Opinion
No. 9274.
October 17, 2006.
Judgment, Supreme Court, New York County (Michael J. Obus, J.), rendered February 20, 2004, convicting defendant, after a jury trial, of murder in the second degree and assault in the second degree, and sentencing him to concurrent terms of 20 years to life and seven years, respectively, unanimously affirmed.
Before: Mazzarelli, J.P., Andrias, Sullivan, McGuire and Malone, JJ.
The court properly excluded hearsay evidence offered by defendant. The evidence consisted of a 911 tape in which an identified. caller who was not a witness to the incident provided a description of the assailant that was at variance with the description given by an eyewitness. This eyewitness testified that he never gave the caller any description. We reject defendant's argument that the description on the 911 tape was admissible as a prior inconsistent statement by the eyewitness. The evidence fails to support the inference that the eyewitness was the source of the description on the tape. Moreover, at a hearing outside the presence of the jury, the 911 caller testified that he was certain that the eyewitness never gave him a description of the assailant.

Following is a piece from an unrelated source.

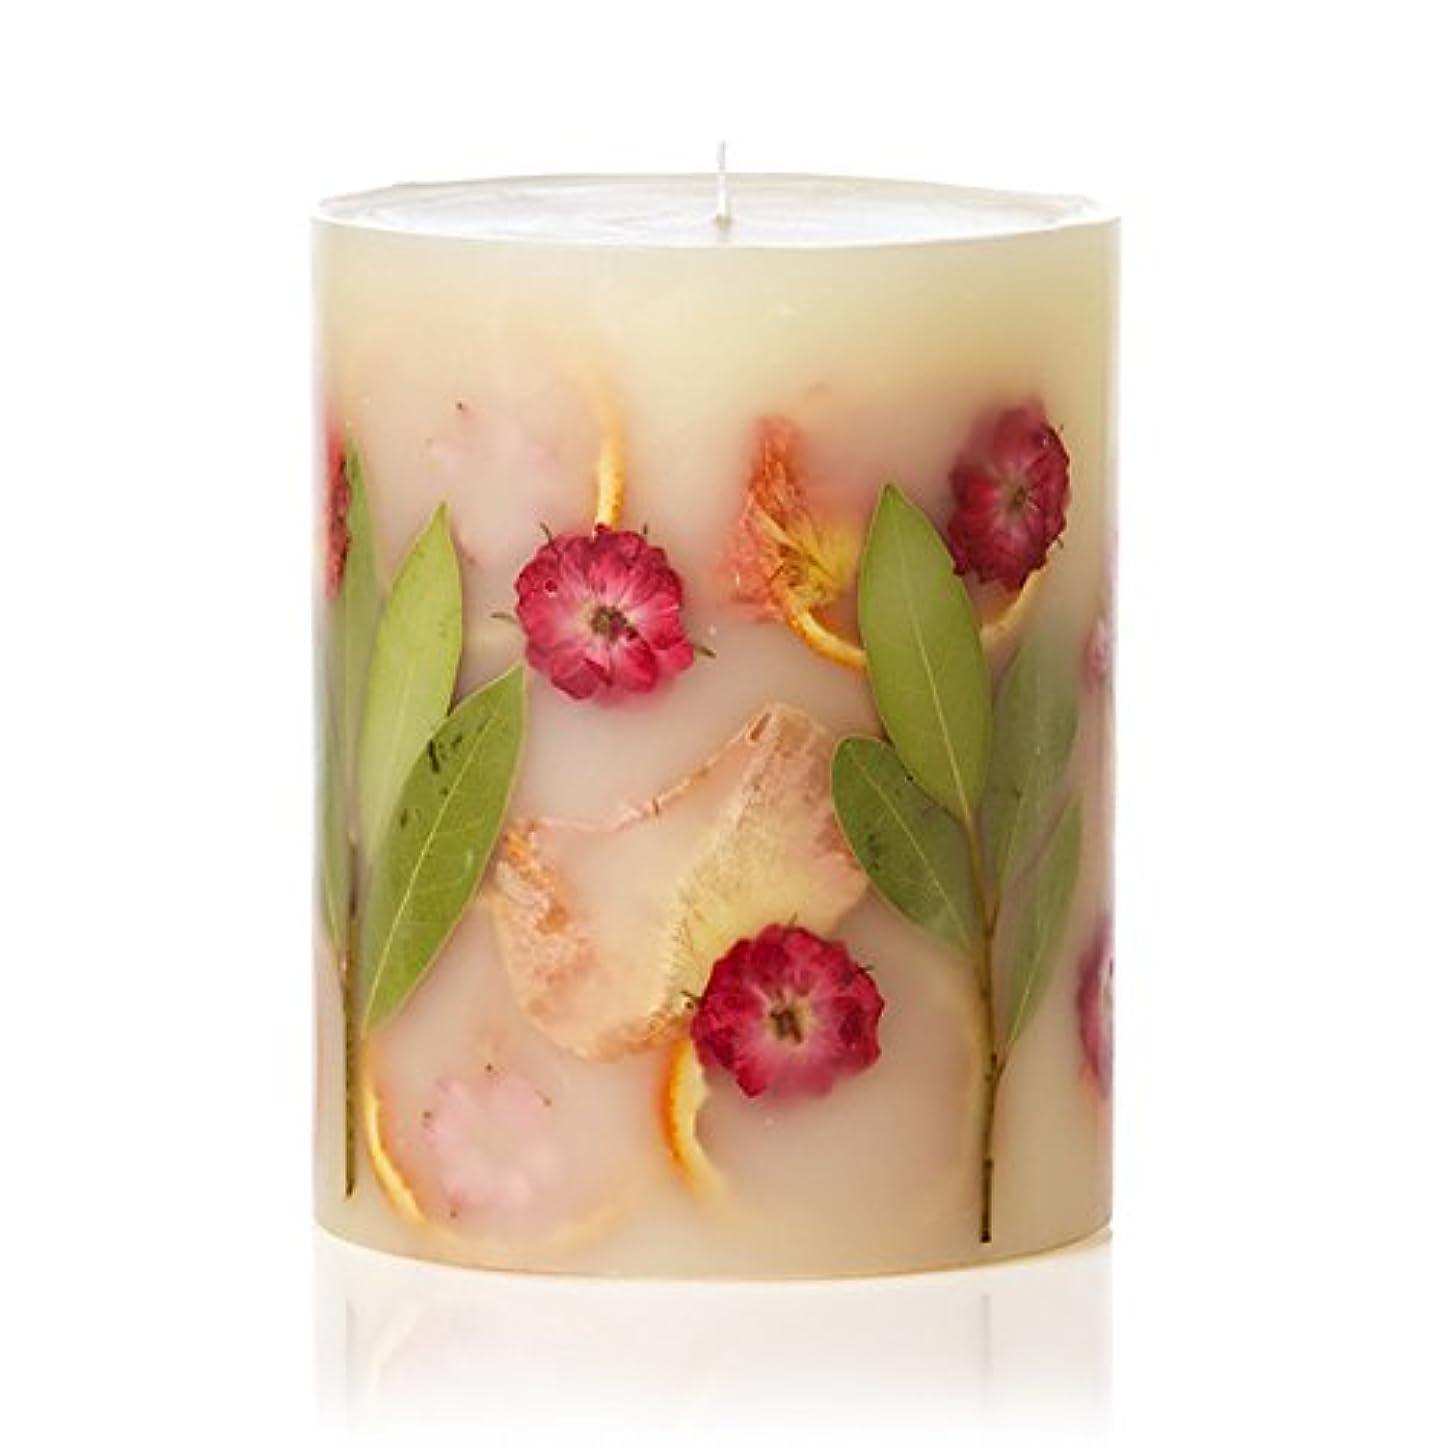 人差し指宣伝止まるロージーリングス ボタニカルキャンドル トールラウンド ピオニー&ポメロ ROSY RINGS Round Botanical CandleTall Round Peony & Pomelo
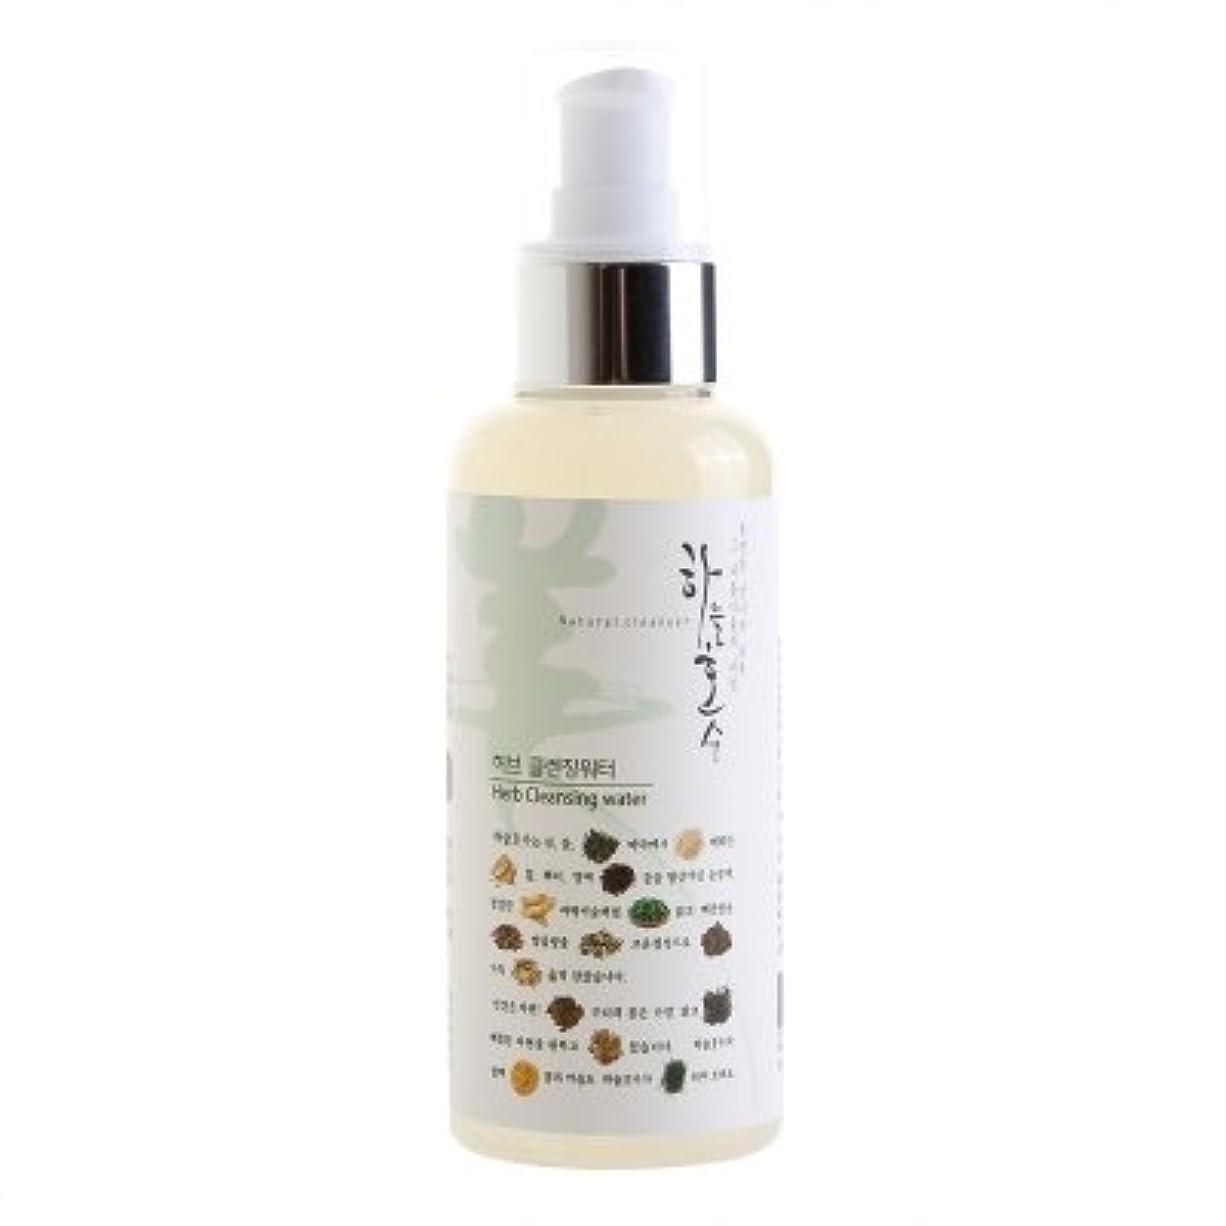 ランドマーク自慢分[ハヌルホス] Skylake [ハーブクレンジングウォーター (150ml)] (Herb Cleansing Water (150ml)) [並行輸入品]

Because the statement by the 911 caller lacked sufficient indicia of reliability, the court properly rejected defendant's alternate argument that his constitutional right to present a defense required its admission ( see Chambers v Mississippi, 410 US 284; People v Robinson, 89 NY2d 648, 654; People v Burns, 18 AD3d 397, affd 6 NY3d 793). Finally, even if we were to find the court should have admitted the tape, we would find the error to be harmless under the standards for both constitutional and nonconstitutional error in view of the overwhelming evidence of defendant's guilt, which included, among other things, the testimony of multiple eyewitnesses ( see People v Crimmins, 36 NY2d 230).